The following case has been referred to the Grand Chamber of the ECHR: Garib v. the Netherlands (application no. 43494/09) – concerning the complaint by a woman living on social welfare about residential restrictions in a district of Rotterdam as a result of which she was unable to freely choose her place of residence.
The applicant, Rohiniedevie Garib, is a Netherlands national who was born in 1971. She is a single mother of two whose sole source of income is social welfare.
Ms Garib settled in the Tarwewijk district of Rotterdam in 2005, having previously lived elsewhere. She was asked by the owner of the property which she was renting to vacate the place, as he wished to renovate it for his own use. He offered to let to her another property in the same area, to which she agreed, given that the new flat was bigger and more suitable for her and her two young children.
In the meantime, the Tarwewijk district of Rotterdam – an area of high unemployment – had been designated under the Inner City Problems (Special Measures) Act as an area in which taking up new residence was only possible with a housing permit. Ms Garib duly lodged a request for such a permit in March 2007. Her request was refused by the authorities on the grounds that she had not been a resident in the Rotterdam Metropolitan Region for the six years immediately preceding the introduction of her request. Moreover, since her income was not from work, she did not meet the income requirement that would have qualified her for an exemption from the length-of-residence requirement.

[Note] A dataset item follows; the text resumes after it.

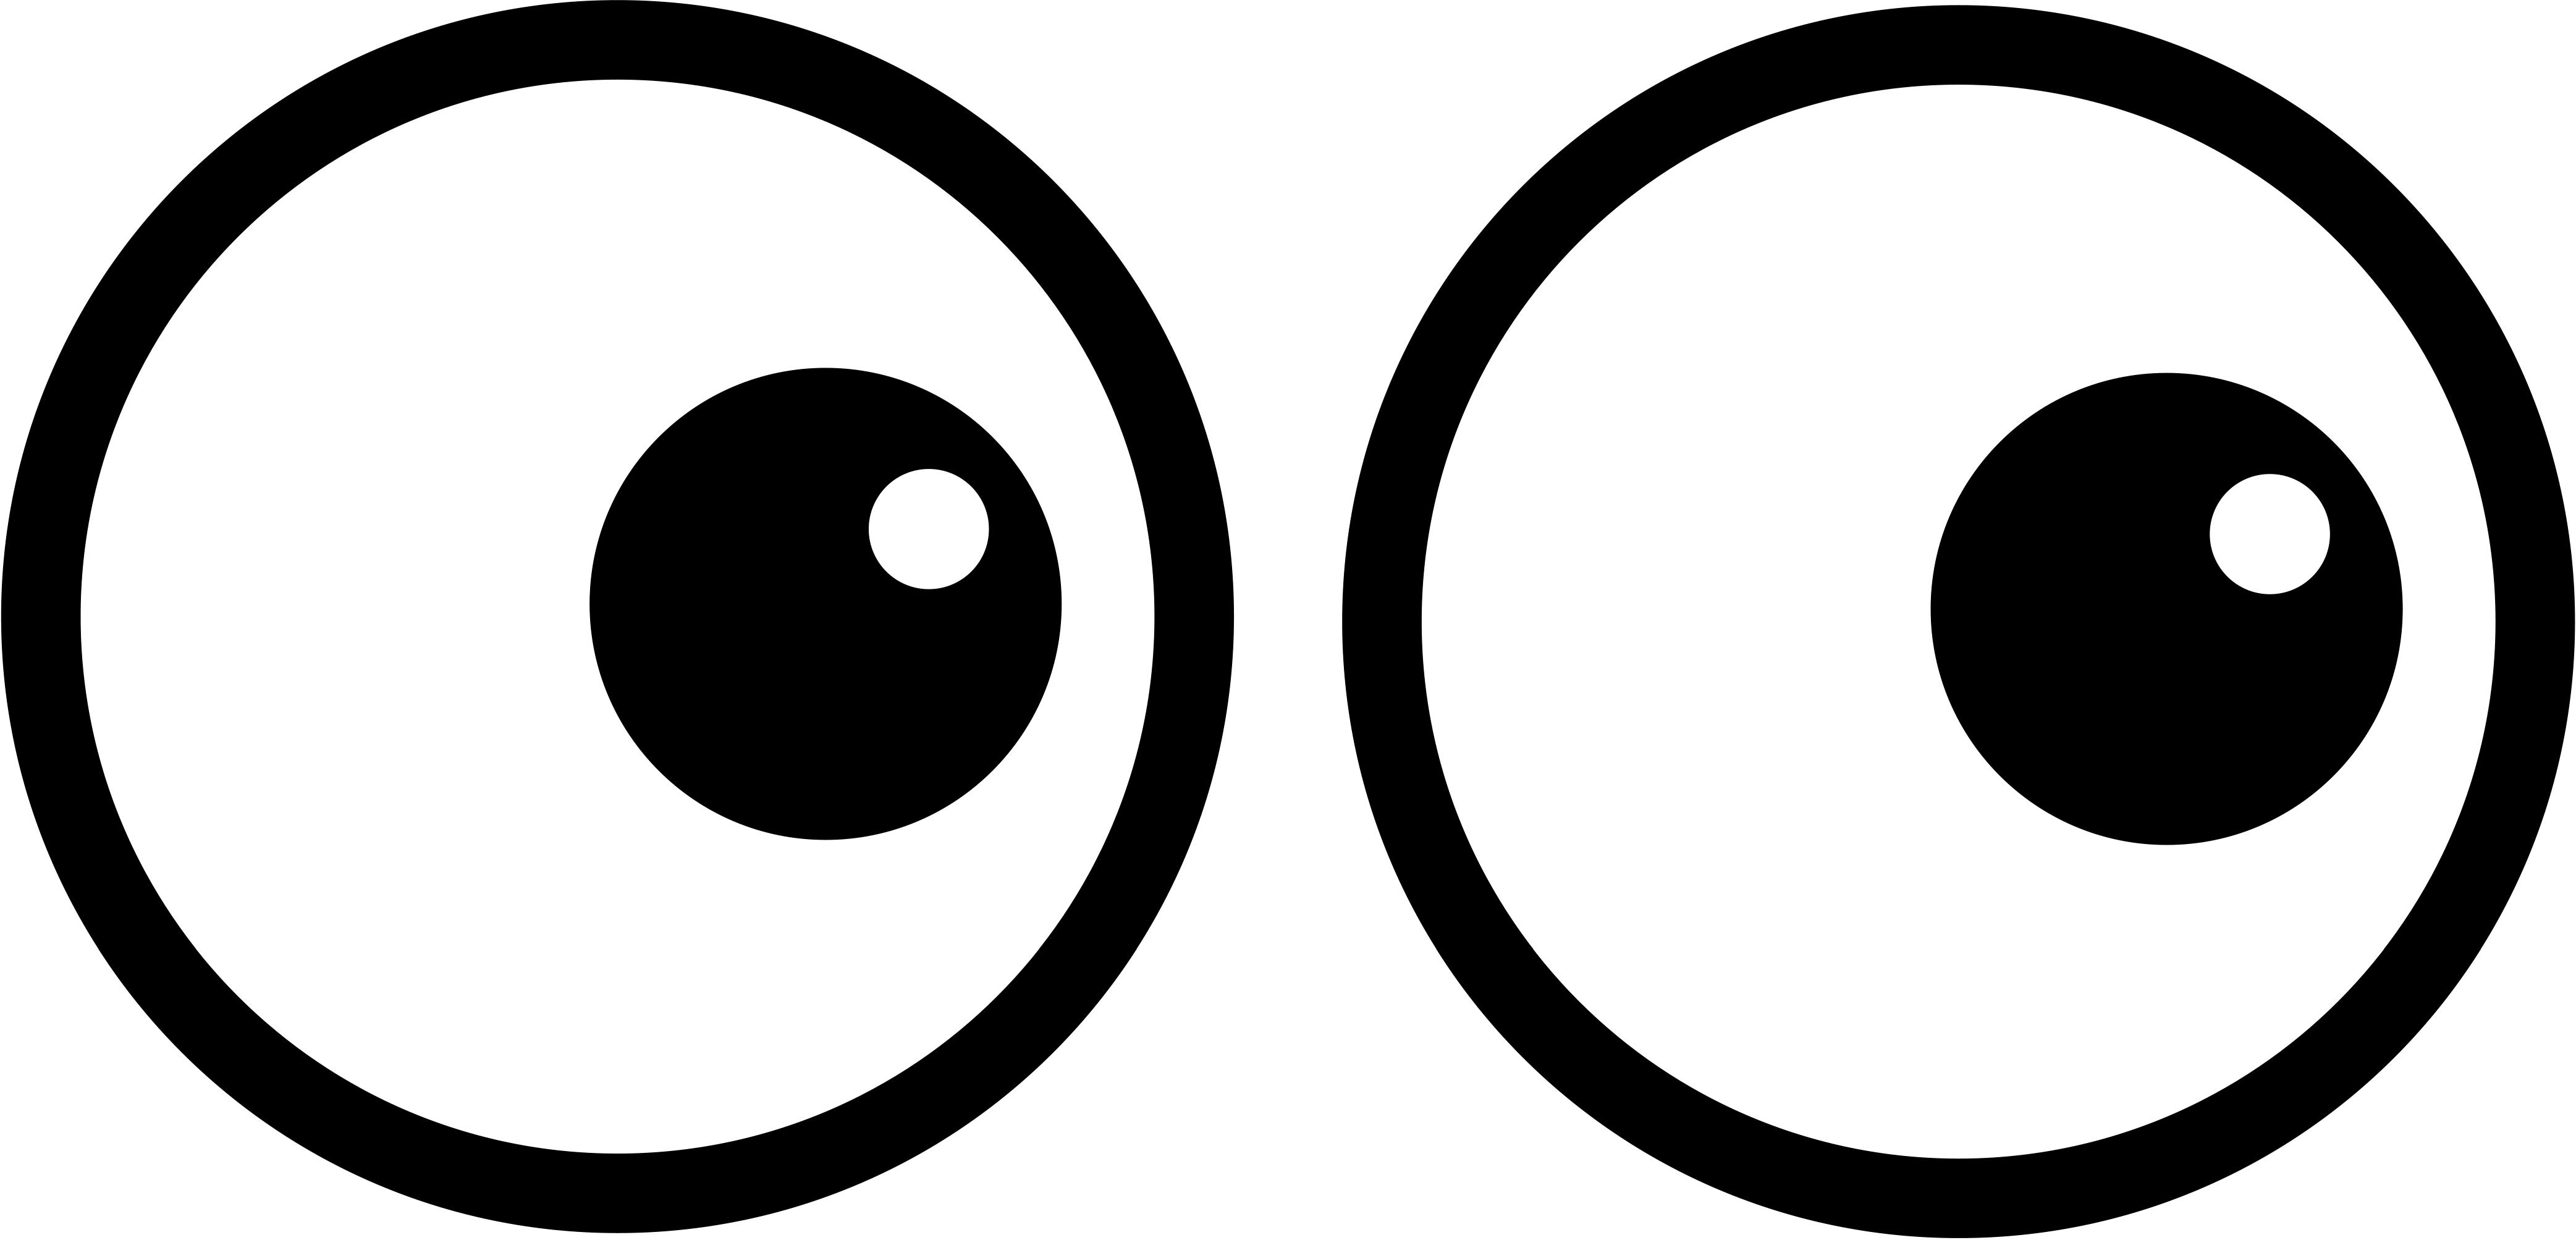 Eyeball clipart eye ball. Free cliparts download clip

Ms Garib’s objection against that decision was dismissed by the city authorities and, in April 2008, the Regional Court dismissed her appeal. It argued in particular that the Inner City Problems (Special Measures) Act provided for the possibility of temporary restrictions on freedom of residence. Those restrictions aimed to reverse a process of overburdening the districts concerned by striving for a more mixed composition of residents from a socioeconomic point of view. Her further appeal was dismissed by the Council of State in February 2009. In September 2010 she moved to the municipality of Vlaardingen, where she still lives.
Ms Garib complains that the Inner City Problems (Special Measures) Act and the related city legislation violated her rights under Article 2 of Protocol No. 4 (freedom of movement / freedom to choose one’s residence) to the European Convention on Human Rights.
In its Chamber judgment of 23 February 2016, the ECHR held, by fives to two, that there had been no violation of Article 2 of Protocol No. 4. The Chamber found that the measure pursued a legitimate aim – namely, it intended to reverse the decline of impoverished inner-city areas and to improve the quality of life – and it was proportionate to that aim. In particular, the relevant legislation included several safeguard clauses for those who did not qualify for a housing permit; and Ms Garib had not been prevented from taking up residence in areas of Rotterdam not covered by the legislation in question.
On 12 September 2016 the Grand Chamber Panel accepted Ms Garib’s request that the case be referred to the Grand Chamber.
Press Release ECHR 283 (2016) 13.09.2016
Redaktioneller Hinweis: Der Fall betrifft nicht eine „Wohnsitzauflage“ im engeren Sinne, sondern eine weniger einschneidende Einschränkung der Freizügigkeit (das Verbot, sich in einem bestimmten Stadtgebiet niederzulassen).